14 December 2009

When it comes to finance, pigs won't fly


Since the bursting of the asset bubble financiers are on a desperate quest to seek other fiddles to generate the vast incomes they have grown accustomed to. Speculating in national economies appears to be the scam of choice. The power-players are the credit-rating agencies. In a world beyond democratic politics, these self-appointed judges of the worth of whole countries have become market makers.

A downgrade in the rating of the economy of Spain from 'stable' to 'negative' as happened to Spain last week, will cause an abrupt decline in the desirability of Spanish public debt, meaning that the Spanish government will have to pay more to extend its IOUs, and have less available for public spending.
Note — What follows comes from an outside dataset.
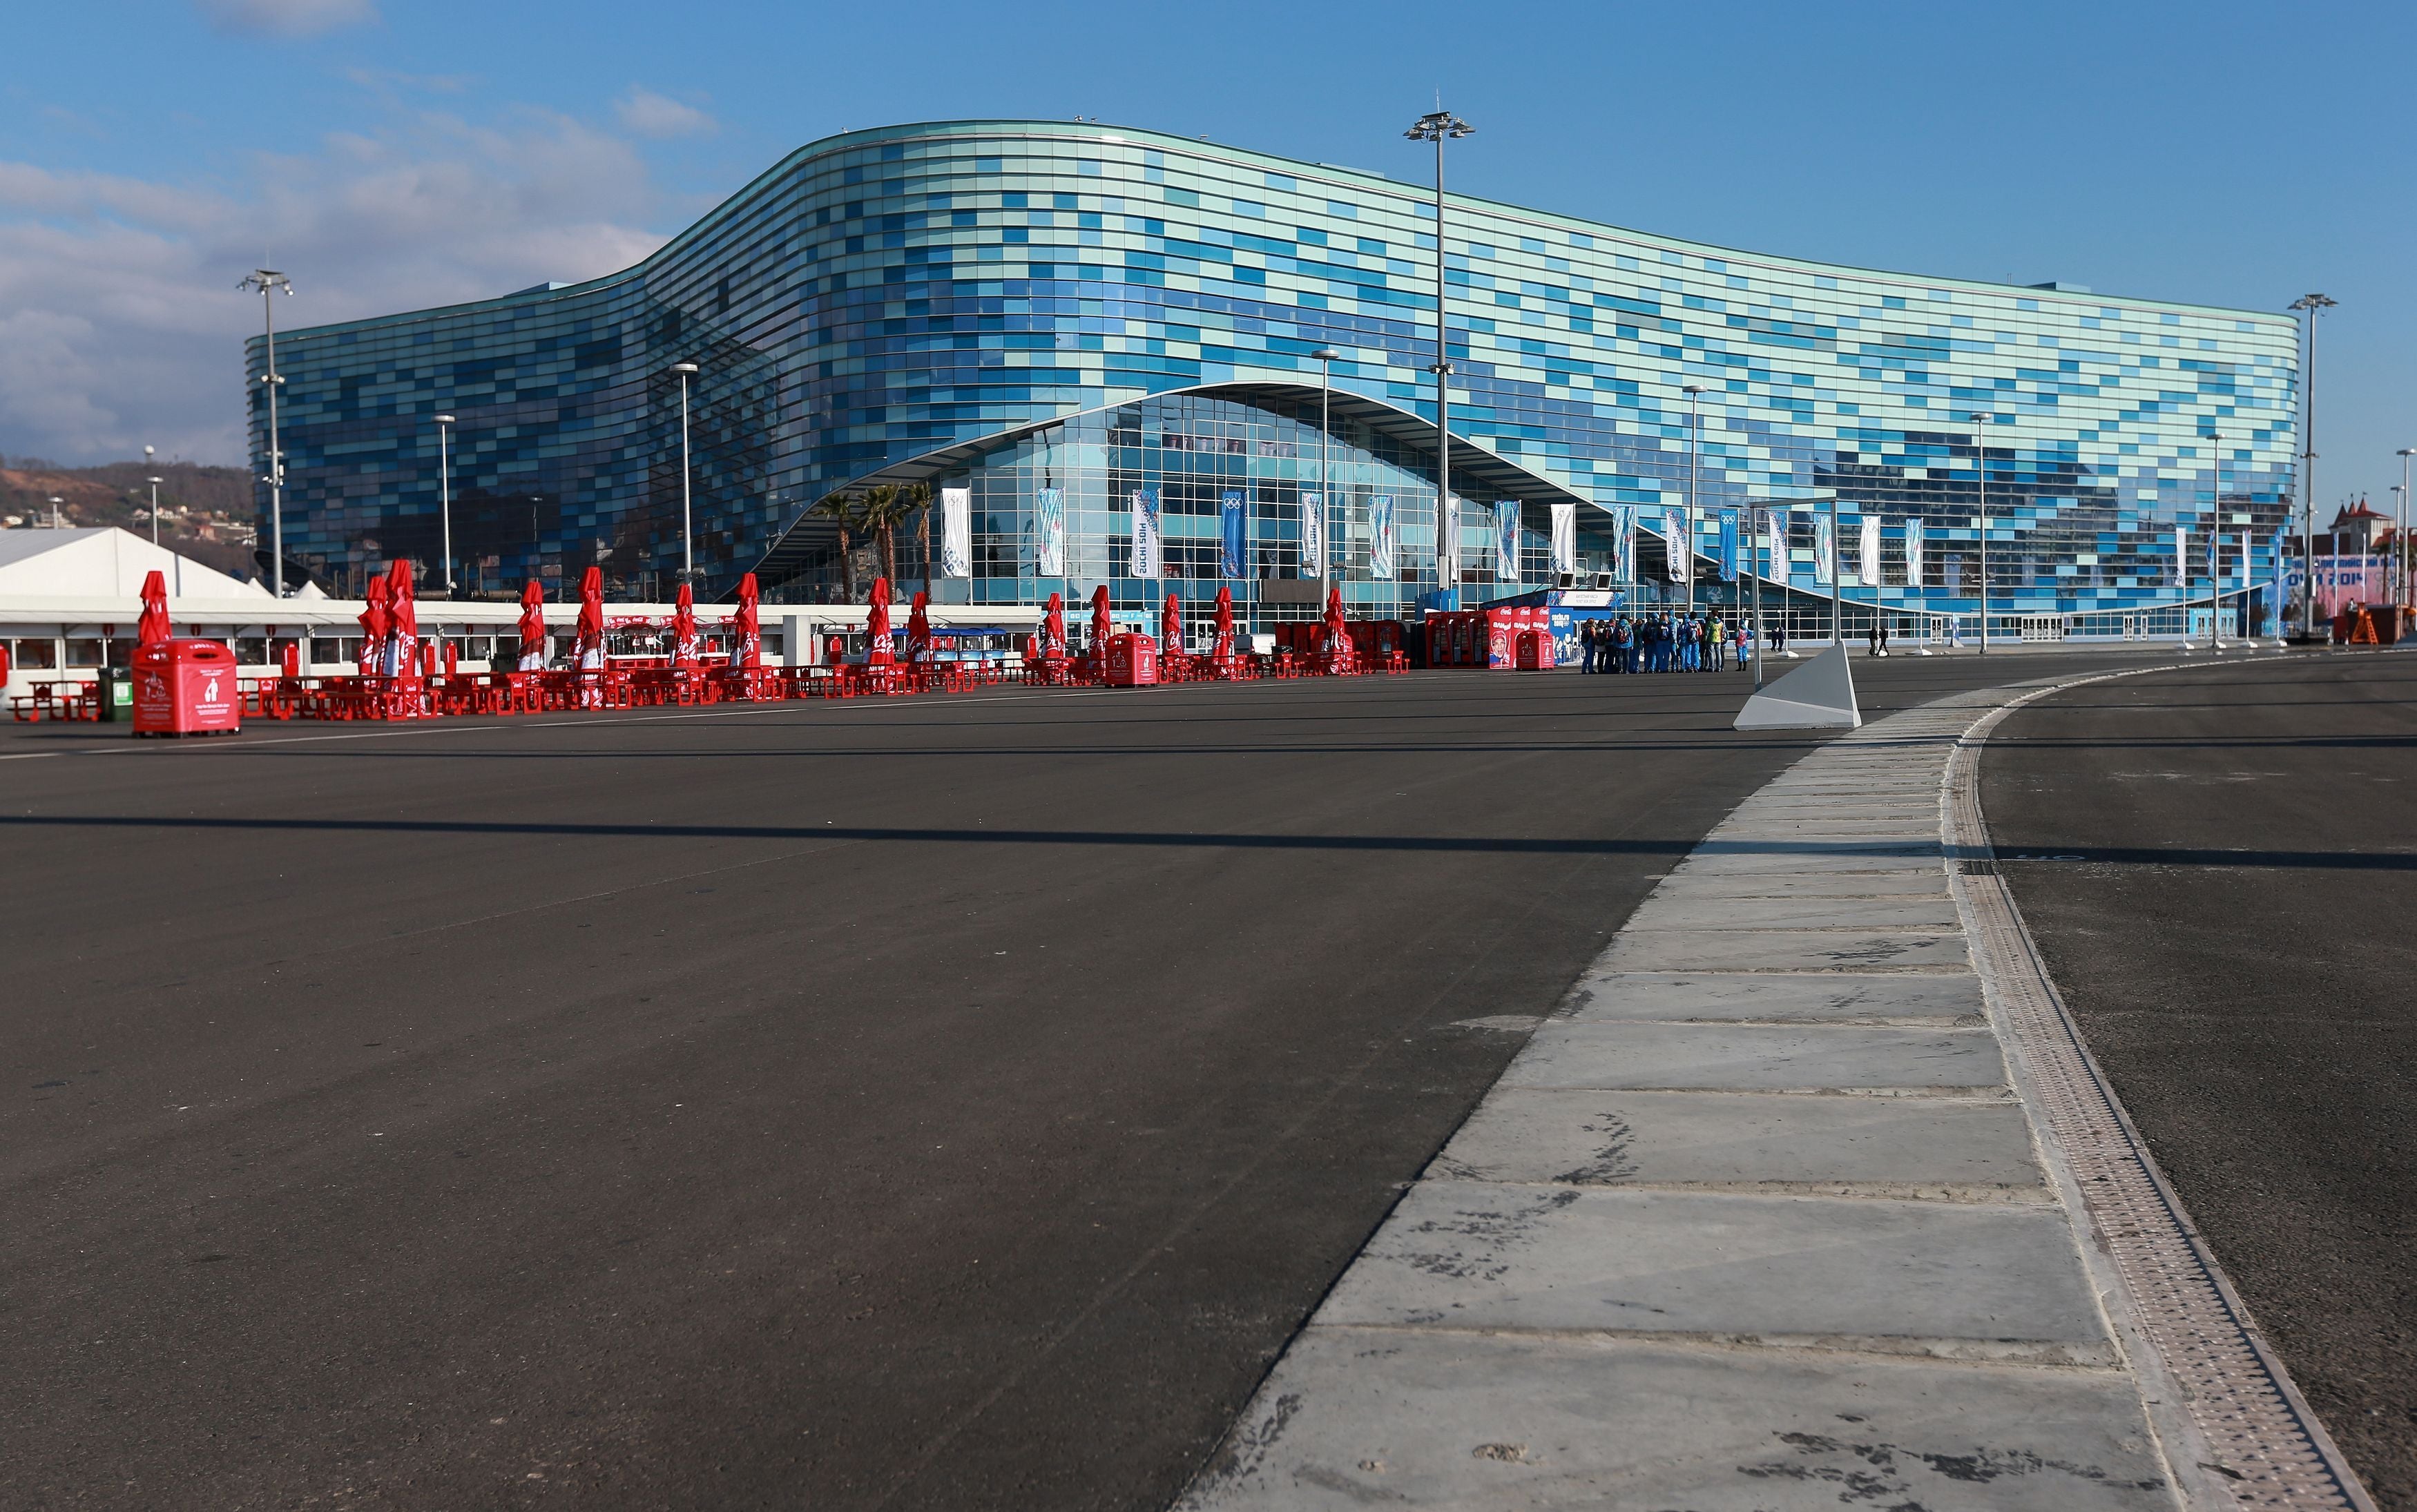 The current Russian Grand Prix circuit in Sochi

This has devastating consequences of the people of Spain. The role of economic policeman once undertaken by researchers from the IMF now appears to have been privatised and passed to the men from the credit rating agencies.
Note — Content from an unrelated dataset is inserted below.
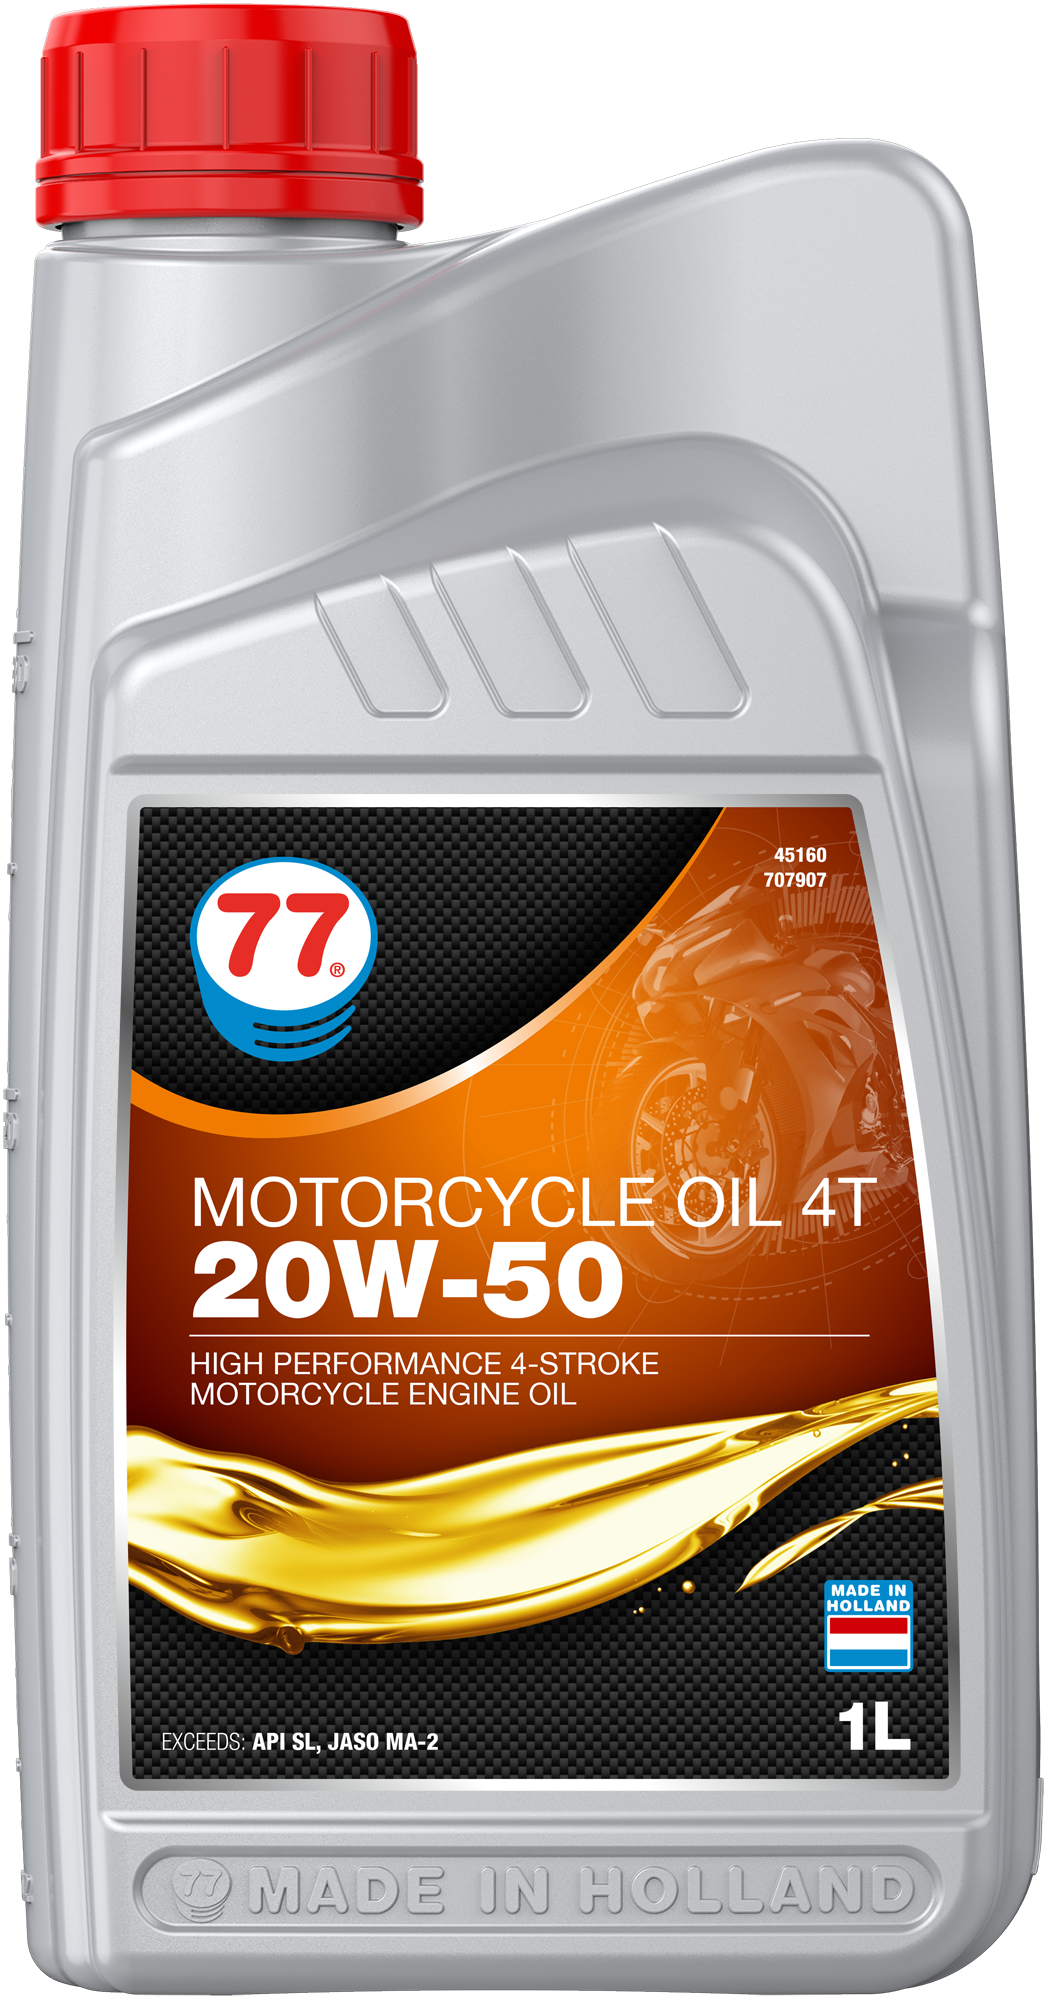 4516-1 Motorcycle Oil 4T 20W-50 is een krachtige minerale motorolie speciaal ontwikkeld voor gebruik in lucht-, olie- en watergekoelde 4-takt motorfietsen om een uitstekende bescherming te bieden tegen motor, versnellingsbak en natte koppelingen en zorgt voor de hoogst mogelijke betrouwbaarheid, zelfs onder de zwaarste bedrijfsomstandigheden.

These are the new harbiners of doom whose journeys to the developed economies that were beyond the reach of the IMF lead to savage cuts in public spending and the loss of the services that the vulnerable rely on. The suggestion of such a visit is itself enough to send the credibility of a country spiralling downwards, making it a self-fulfilling prophecy, since this will automatically make it more expensive for that country to borrow. These visits are not neutral fact-finding missions but examples of hostile sabotage attacks on national economies.

But for a financier it represents an opportunity to acquire arbitrage profit from the movement in the value of government stock, especially if the financier were to know which way the movement was likely to move in advance. Spain's membership of the euro means that it cannot suffer the sort of speculation against its currency that made George Soros rich on the UK's Black Wednesday, but placing bets on the movement of Spain's national bonds must be just as lucrative.
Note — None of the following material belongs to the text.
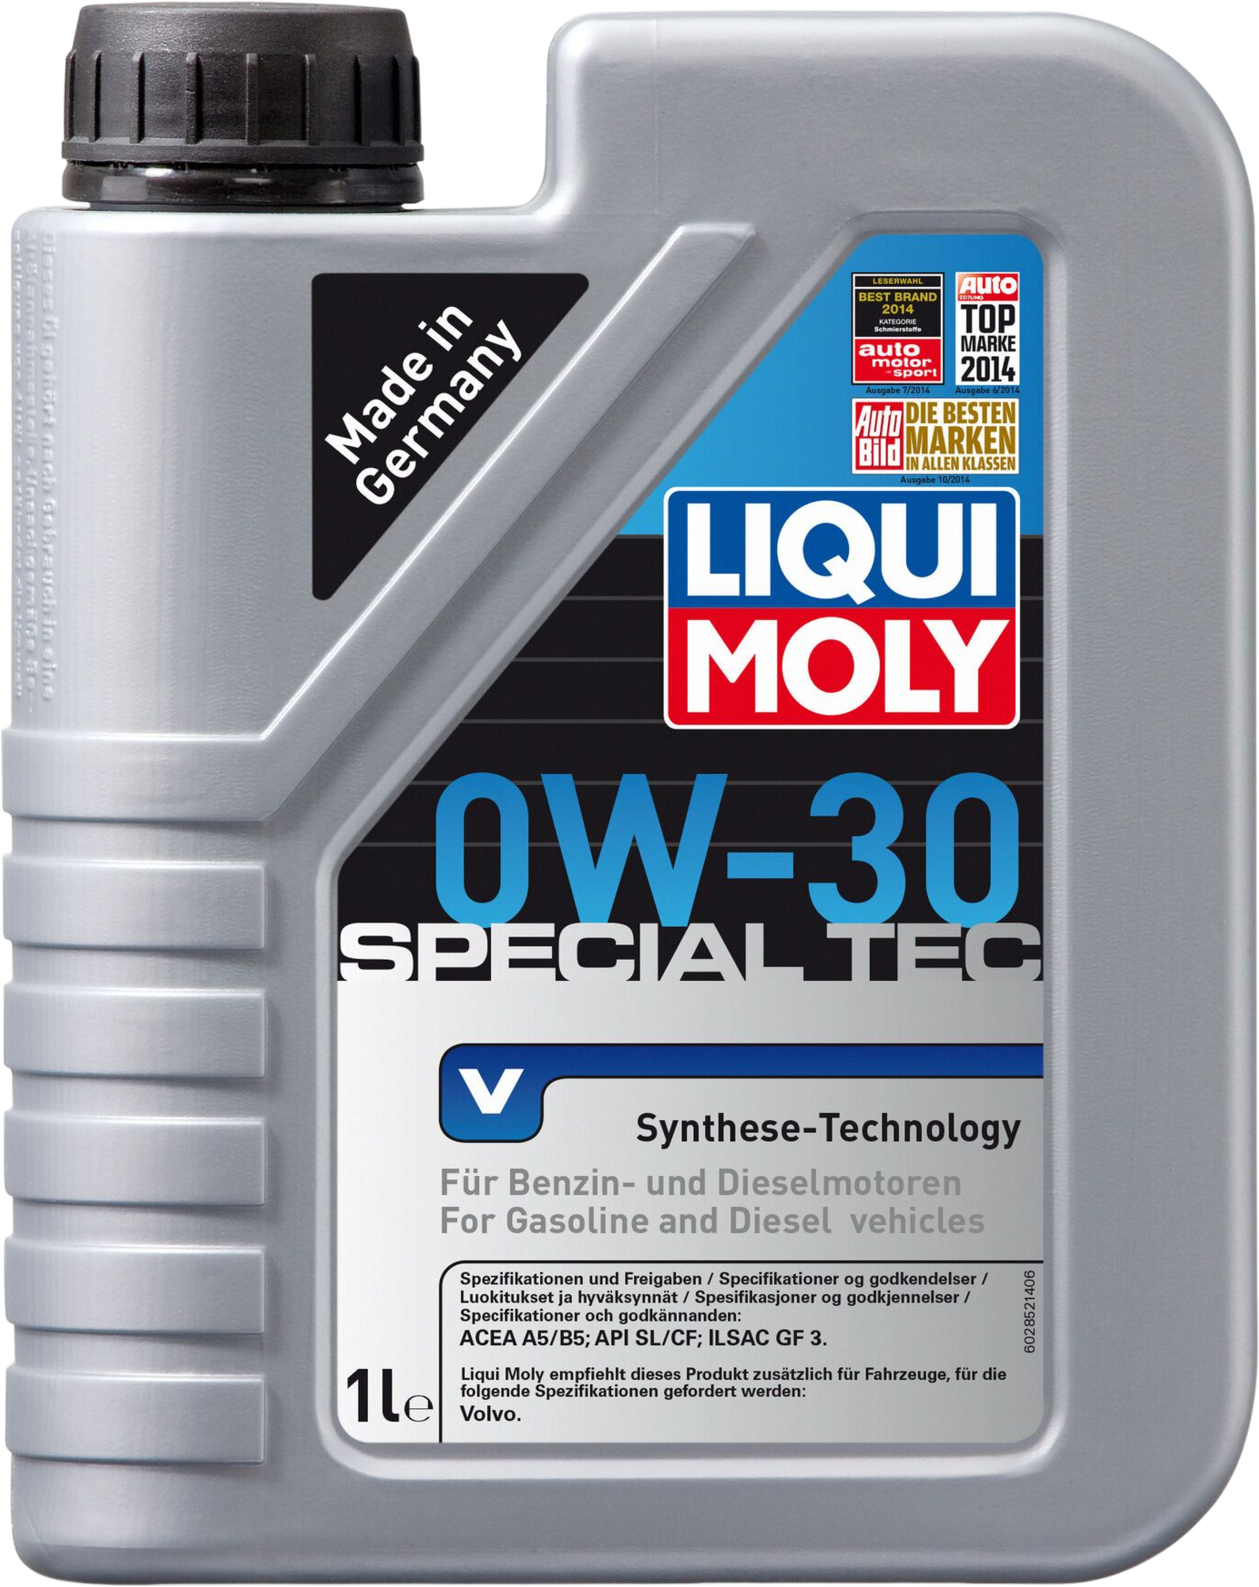 Liqui Moly Special Tec V 0W-30, 6 x 1 lt detail 2

Most offensive terms of our Mediterranean neighbours have passed into the graveyard of political uncorrectness, but referring to Portuagal, Ireland, Greece and Spain as PIGS is apparently still an amusing pasttime to those in the City. Given the recent political history of these countries, their citizens have little to laugh about. Their historic battle over value between capital and labour is already showing signs of returning, and the spectre of military dictatorship may not be far behind.